Dr Andrew Hill [00:42:02]:
Sure. Yeah. So the developmental perspective. The short answer is on the low end for kids, there's no limit. We have Q EEG database comparison databases as low as six months of age. So if you need to see what's weird in a kid, you can. Often, my colleagues and I will say, if someone asks me, hey, at what age do you start working? I'll say four, because at four years old, you typically have enough observable behavior, often language, so you can have the person to be, being a participant in the process. Oh, I like that.

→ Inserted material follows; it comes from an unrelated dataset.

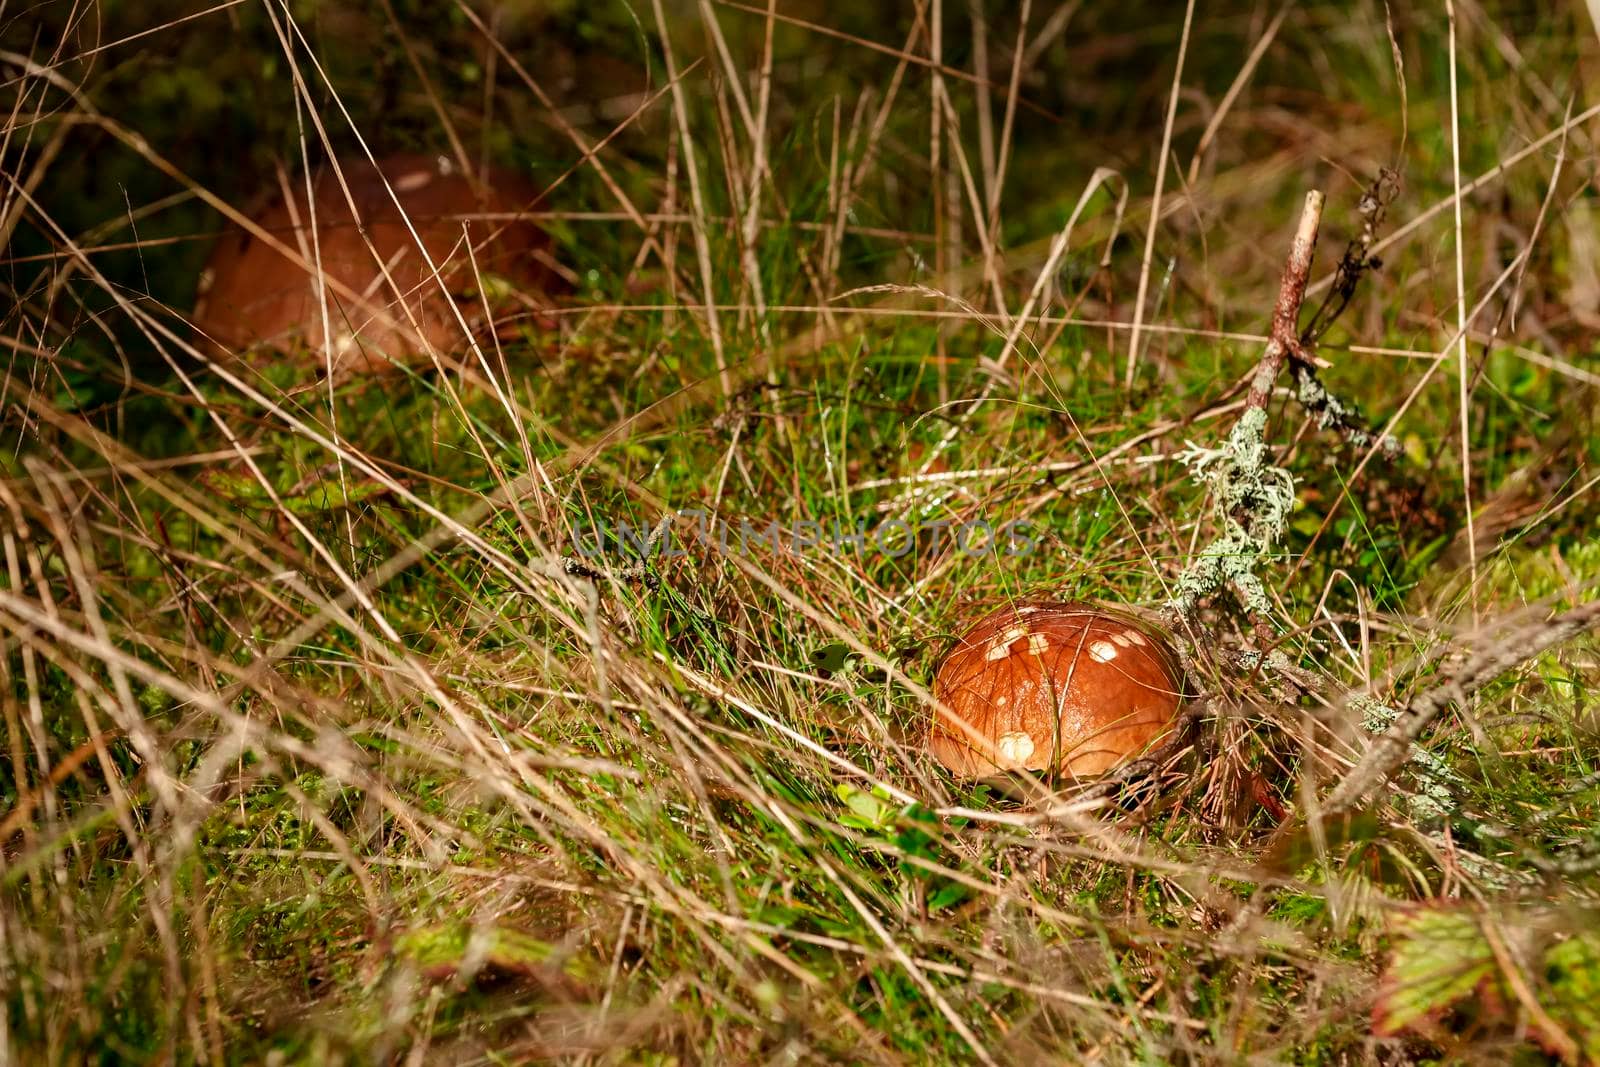 Autumn in the forest. Mushroom in the forest

Dr Andrew Hill [00:42:33]:
Or I felt tired or whatever. But I've worked with plenty of kids that, whose parents have just discovered that the kid is autistic. Just gotten that diagnosis at two years of age, and they're bringing a baby and saying, oh, my gosh, my toddler is not making eye contact and sensory issues, and it's starting to stim. Can we work? Can we do something? Yeah, probably. It's not quite as straightforward as a kid who can put up with every aspect of it. Like, we don't do attention testing for kids below age seven. It's just too much. They just don't, don't like.

Dr Andrew Hill [00:43:04]:
Also, the. The behavior is too variable below age seven for attention. And, you know, it's often hard to get a brain map done. A cap on the head for a kid who's, you know, screaming and stimming can be really hard. Yeah, but not impossible. You'd be shocked at what kids actually occasionally put up with, especially new environment, a new person. They'll kind of be tolerant for a little bit sometimes. And the neurofeedback actually feels kind of good.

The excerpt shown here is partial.